Les Damnés

4
Reviewer's rating

This first collaboration between director Ivo van Hove and the Comédie-Française is also the company’s first visit to this country in many years. The director himself is of course very well known to us for his startling reworking of classic plays and adaptations of works we know as screenplays, of which this is the latest, taking its point of departure from Visconti’s notorious film of 1969. 

On the face of it, this play tells a simple dynastic story based on the Krupp steel and munitions firm in the Nazi era. Different factions in the family vie for control of the company and try to play the new regime to their own advantage, without realising that they, in fact, are being controlled by the fascists, in the form of a relative, Aschenbach, highly placed in the SS. But there are larger symbolic themes in play here. As Aschenbach says, ‘the complicity of the people is the great miracle of the Third Reich.’  Why was there so much moral compromise and indeed eager participation, and so little direct resistance until late in World War Two, when the game was clearly lost? The differing responses of the family become emblematic of these dilemmas, and the success of any theatrical representation then rests on making sure the evening works as both as a family drama and a broader treatment of the delusions, attractions and deceptions experienced by the political and social elite during the Nazi era.

There are a lot of horrors to witness along the way and the key question is whether these are gratuitous detours into excess just for the sake of it or a careful examination of the aesthetics of cruelty that has to be a consideration in any film or play set in the Nazi era. As the director says in the programme, horrors are better seen in art than experienced in real life, but all the same, it still has to be good art to pass muster and justify itself.

In large measure, Van Hove and his thirty superbly talented actors and creative team succeed in keeping to this delicate balance as each episode leads to the death of another family member and the family firm gets ineluctably sucked into further compromises and collaborations. Van Hove and his partner and regular collaborator Jan Versweyveld put together some extraordinary tableaus and sequences that gather together not just extremes of technical acting but bravura effects of lighting, costume, music and video projection. These generate images of exceptional resonant, lingering power which created a stunned admiring silence among the press night audience. There is a fifteen-minute sequence devoted to the crushing of the SA by the SS in the ‘Night of the Long Knives’ which is one of the most compelling, if disturbing, things I have seen in any theatre, in which theatrical skills acquire an overwhelming cinematic wrap-around scope that makes you think differently about the possibilities of the medium. Wagner famously said that opera should aspire to be a ‘total work of art’, involving all the forms of creative expression and commentary. This production achieves it time and again.
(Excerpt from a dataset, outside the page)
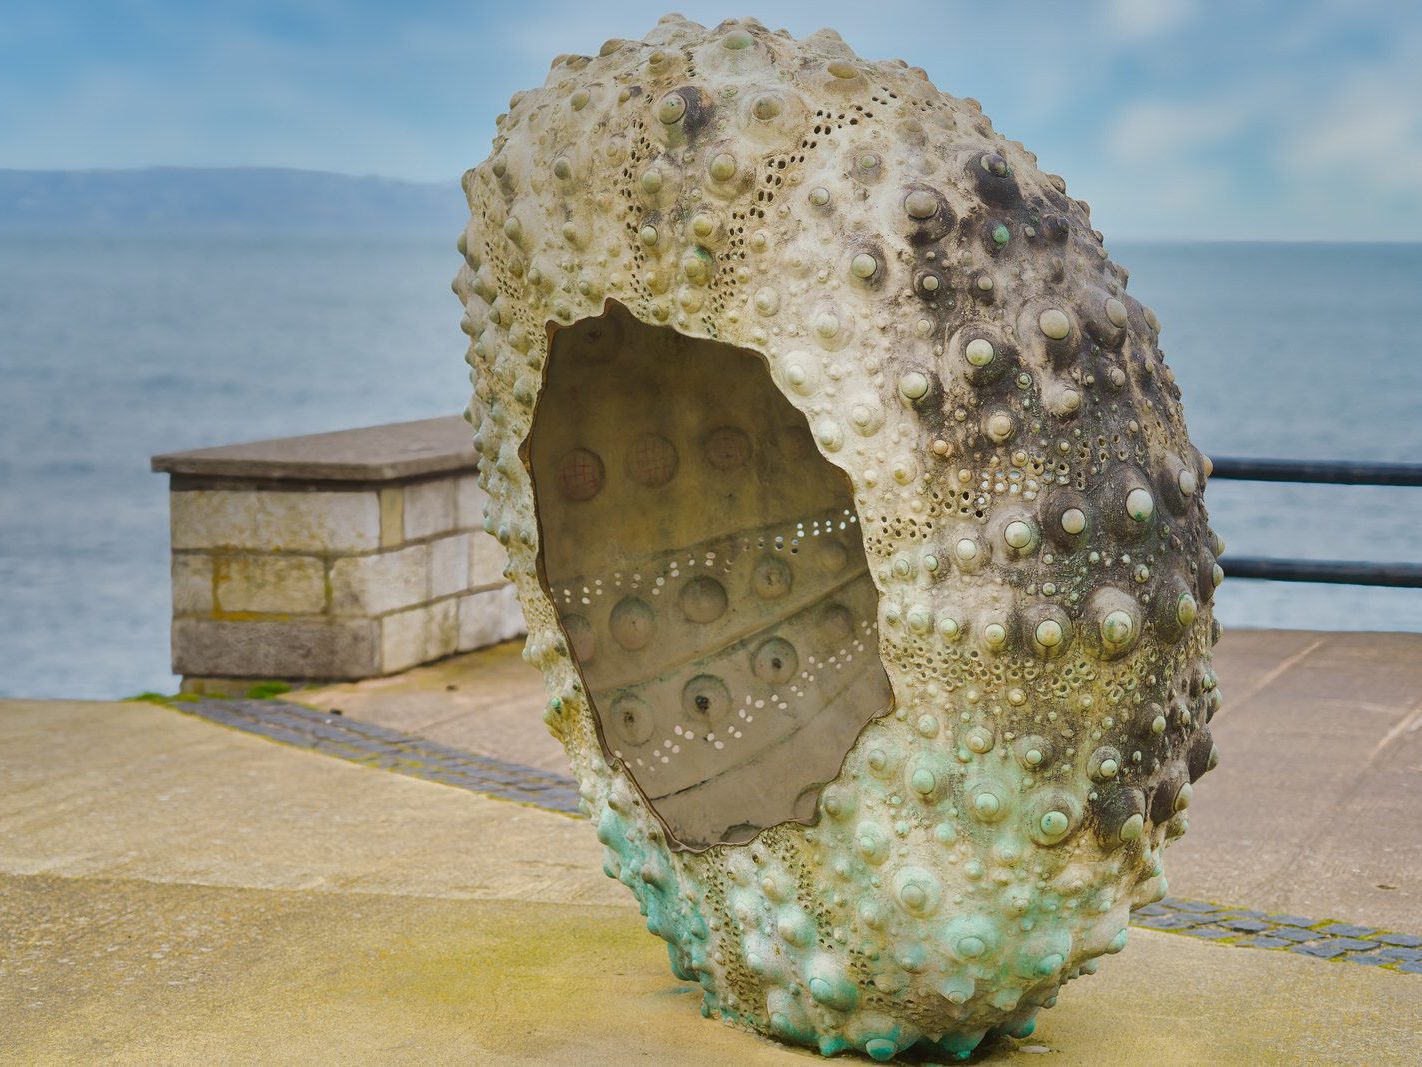 I REALLY LIKE THIS SCULPTURE BY RACHEL JOTNT [NEWTOWNSMITH IN SANDYCOVE] 005

It is invidious to single out individual performances in an ensemble work where the standard is uniformly brilliant, but at least three actors demand a particular mention. Eric Génovèse, as the ingratiating and plausible SS officer, Aschenbach, has the kind of steel-in-the velvet-glove charm of a Klaus-Maria Brandauer; Elsa Lepoivre, as the scheming baroness determined to promote her son and later her lover as heads of the company, manages to combine elements of Lady Macbeth and Gertrude in a many-sided performance; and Christophe Montenez, playing her son, who tries Hamlet-like to stand aside from the family and national politics, is perhaps most remarkable of all in the journey he travels into the heart of darkness, his flawed nature stripped down to the bare essentials.

 

It’s not perfect: the video projection of the acting as it happens sometimes produces a confusing duality of focus, and the action is so busy with stimuli that at points it is hard to know how and where to concentrate (you really want to play the scene again to absorb its full meaning). Sometimes there is just too much-sustained shouting and anger so that the senses are dulled and desensitised to what is actually happening.

I needed a large drink afterwards, but Van Hove once again produces some extraordinary visual images and theatrical effects that add value to the text rather than distracting from it. I don’t see how you avoid addressing and exploring the aestheticisation of cruelty in a play set in the Nazi era, and this does it in compellingly topical ways. Much of the time what you see is totally uncomfortable viewing, but the whole is necessary and justified in the end, with only a very few reservations.